То, что делает душу Барбэ д'Оревильи столь мало приемлемой для моего радушия, это совсем не то, что он является аристократом в веке мещанства, абсолютистом во времена демократии, католиком в эпоху атеистического знания (всё это я вполне допускаю), неприемлема та манера, с которой он осуществляет всё это. Мне ведомо, что не все души принадлежат эпохе, их породившей, и что есть между нами люди средних веков и Возрождения.

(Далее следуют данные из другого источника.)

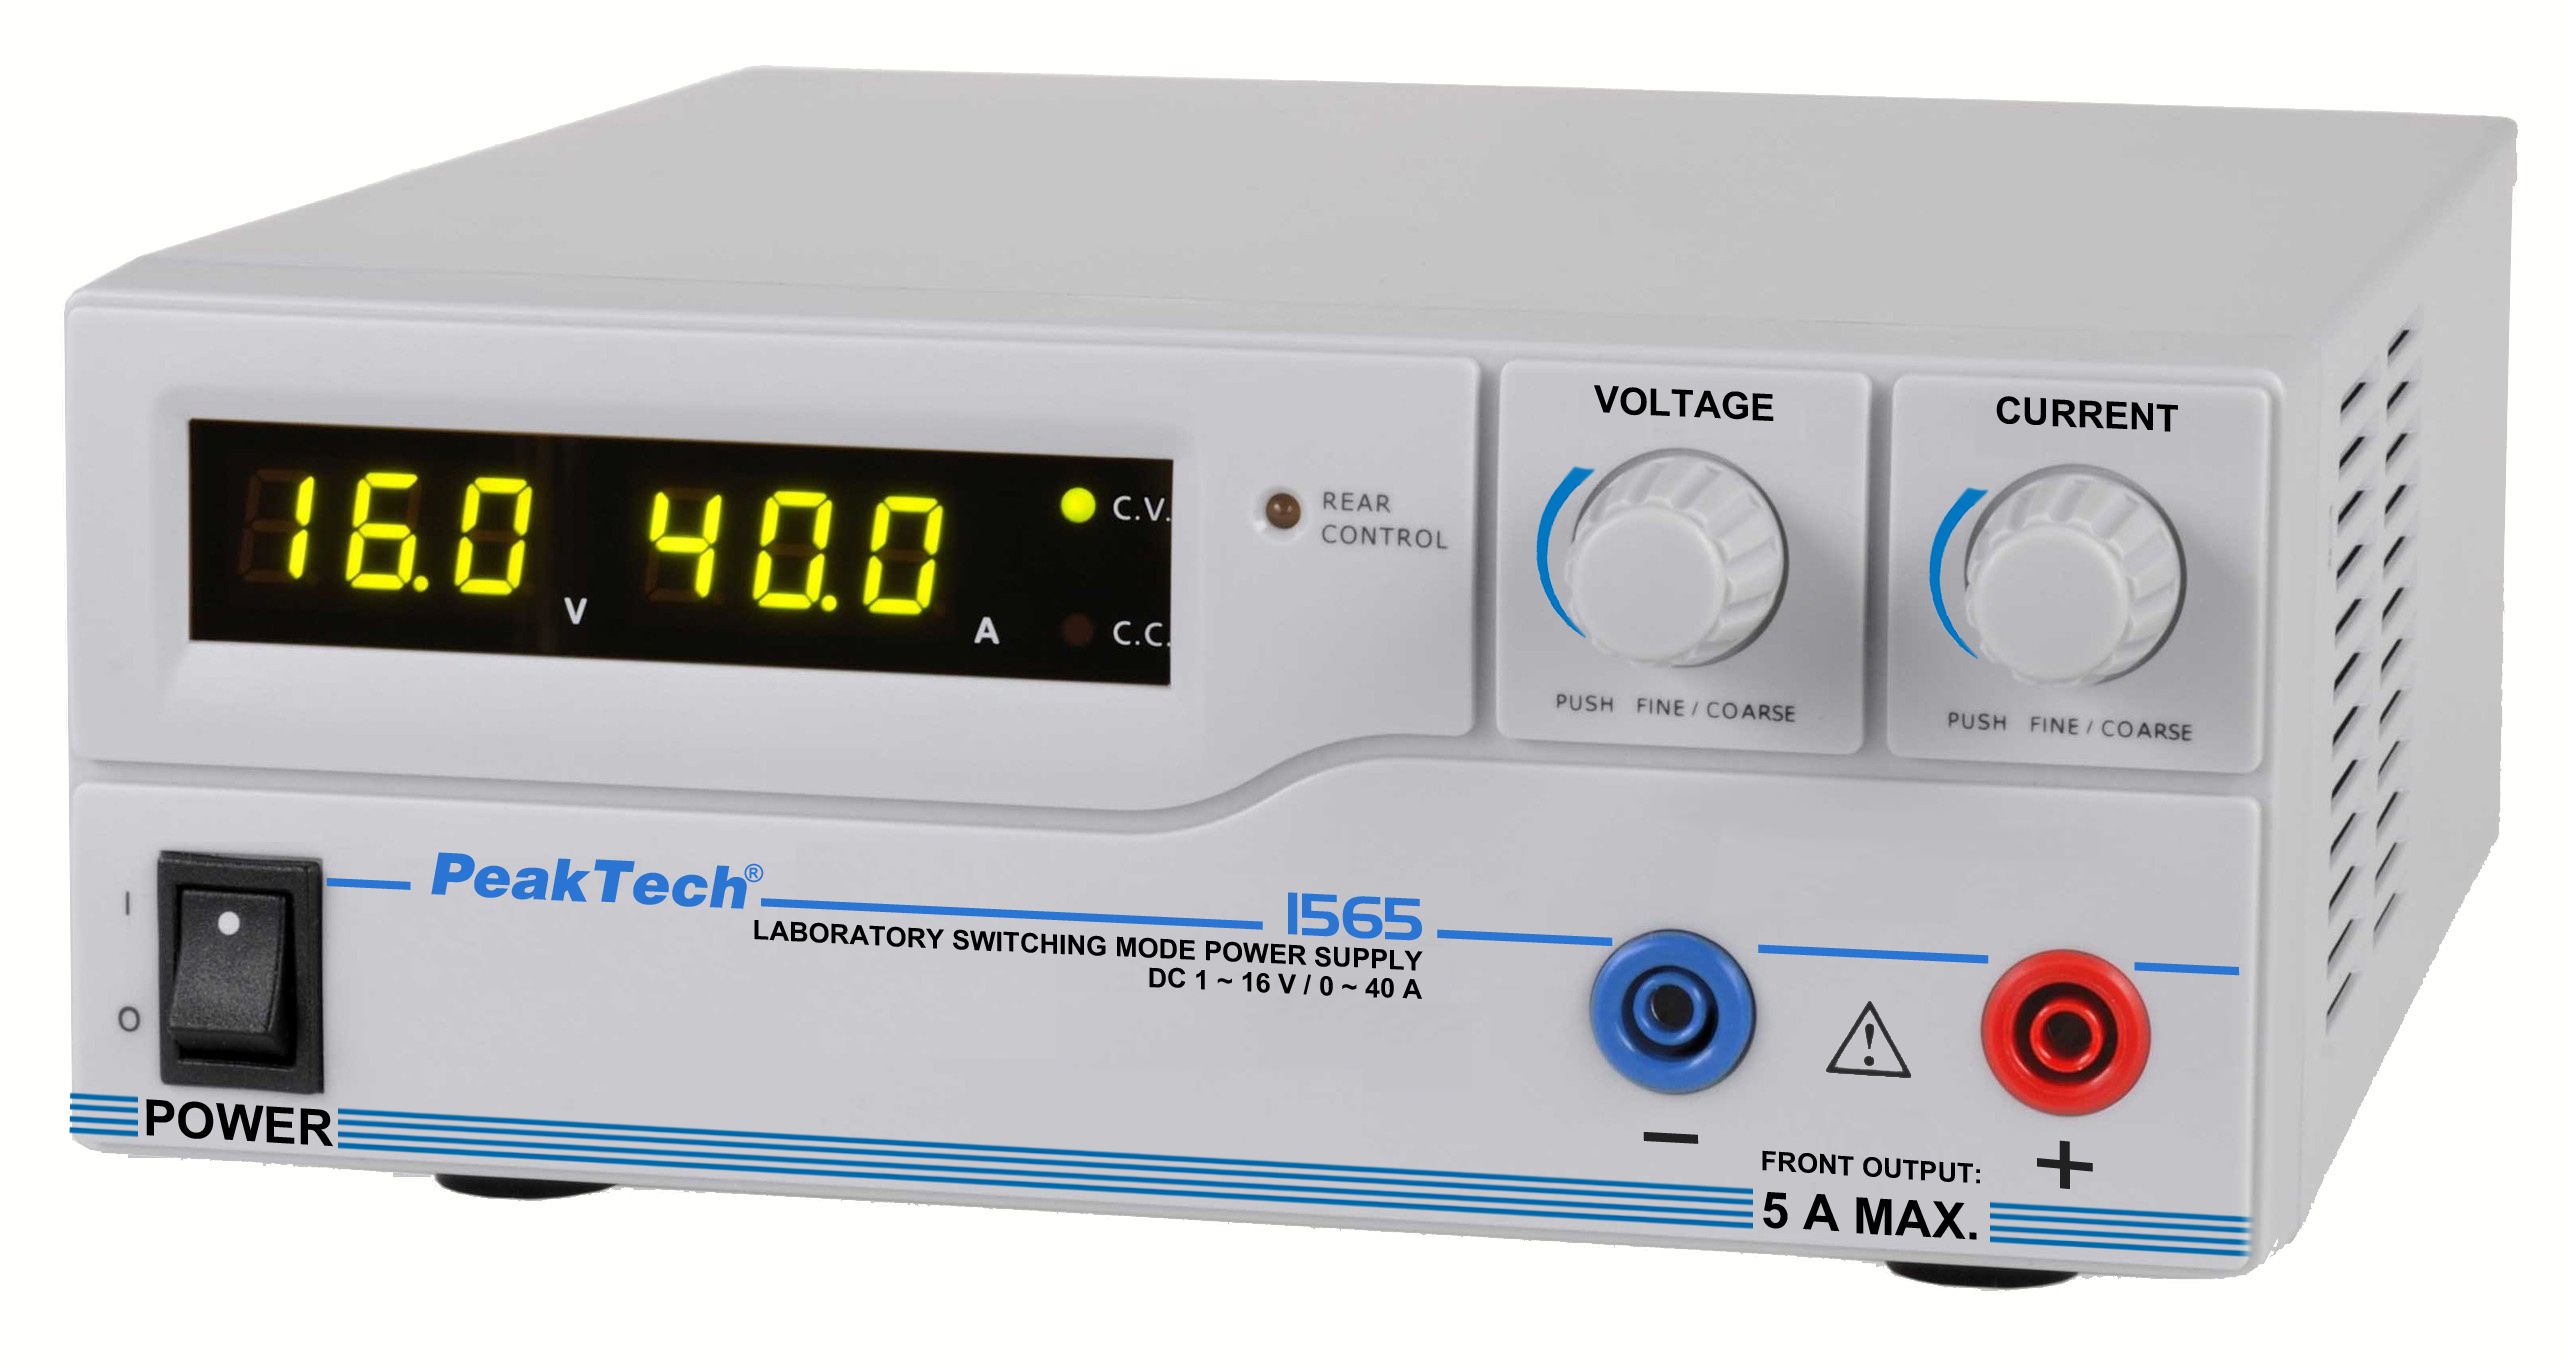 «PeakTech® P 1565» Laboratory power supply DC 1 - 16V/0 - 40A & USB

Признаюсь, что я даже очарован
Самая великая и самая забавная из иллюзий Барбэ д'Оревильи – это, безусловно, его католицизм. Я думаю, что он действительно верит. По крайней мере, он громко исповедал все догматы и охотно „изумляется глубоким прозрениям церкви“. Всякое иное учение, кроме католического, он признает отвратительным и извращенным. Наконец, он имеет претензию на целомудренность; в одном из своих романов он мужественно вычеркнул „три строчки неприличных подробностей“, представляя себе, вероятно, что других подобных строк нет в его произведениях.

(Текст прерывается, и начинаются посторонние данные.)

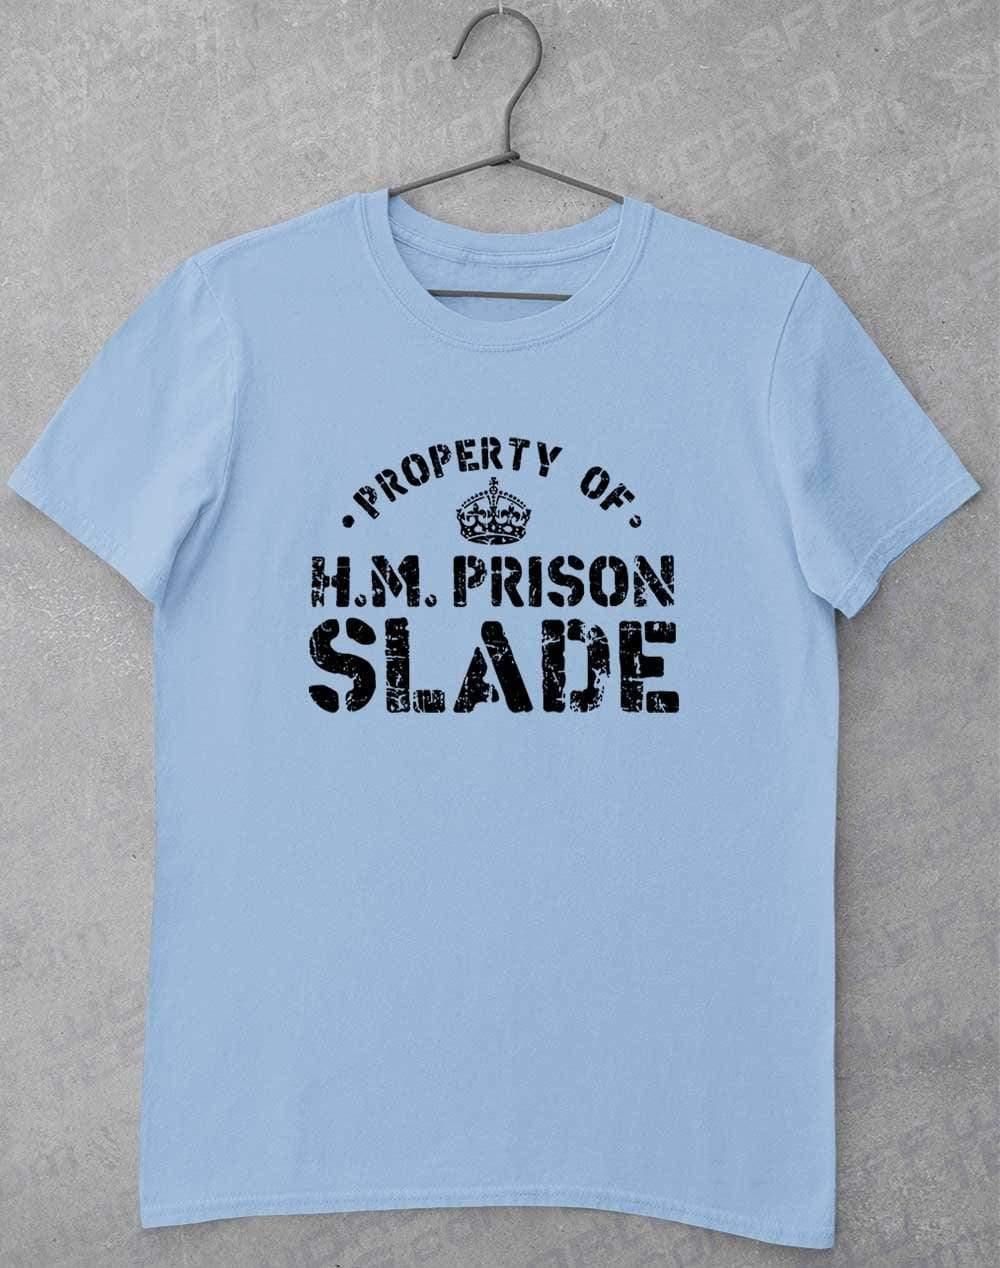 HM Prison Slade T-Shirt S / Light Blue  - Off World Tees

Но я не знаю ничего менее христианского, чем католицизм Барбэ д'Оревильи. Он похож на перо на шляпе мушкатера. Я вижу, что г-н д'Оревильи носит Бога, как кокарду на своей шляпе. Но в сердце? Не знаю.
Все его творения проникнуты чувствами диаметрально противоположными тем, которые должен бы был испытывать истинный сын церкви. Грешники имеют всегда невыразимое очарование для Барбэ д'Оревильи. Он не допускает, чтобы грешник был ничтожеством. Он всегда снабжает их удивительными талантами. Он их видит грандиозными, он их любит, он удивляется им. Почти все герои романов, написанных этим христианином, – атеисты. Он созерцает их с ужасом, преисполненным тайной нежности. Он всегда очарован дьяволом.
Но если немного сомнения примешивается к его наивной и неудержимой симпатии к грешникам, то уже с полной беззаветностью, беспримесной любовью любит он и славит знаменитых денди, великих светских людей, глубоких виверов, непостижимых Дон-Жуанов.
Идеал его жизни сплавлен из Бенвенуто Челлини, герцога Ришелье и Джорджа Брёммеля».77
Вот слова ПолядеСен-Виктора:
«Воинствующая церковь не имела борца более дерзновенного, чем этот Тамплиер пера, чья наступательная критика есть постоянный крестовый поход. Непобедимый полемист, он является в то же время писателем гордым и оригинальным. Художника-крестоносца, изобретателя и стилиста в нем можно отделить от борца и метателя парадоксов. Французский язык еще никогда, быть может, не был доведен до столь надменной парадоксальности. Это слияние грубости с изысканностью, насильничества с деликатностью, горечи с утонченностью.
Это напоминает те колдовские напитки, которые изготовлялись из цветов и змеиной слюны, из крови тигрицы и меда».
«Вот писатель-воин, – говорит Пеладан, – которому консервативная партия отказалась дать войска. Без скипетра, без солдат, без одобрения короля и папы, в изгнании и в опале, этот католик с улицы Русселе был последним Хоругвеносцем церкви, последним великим видамом Франции.
Теоретик рухнувшей старины, естественному течению революции и ее завоеваниям противопоставил он свою бесполезную, но героическую смелость.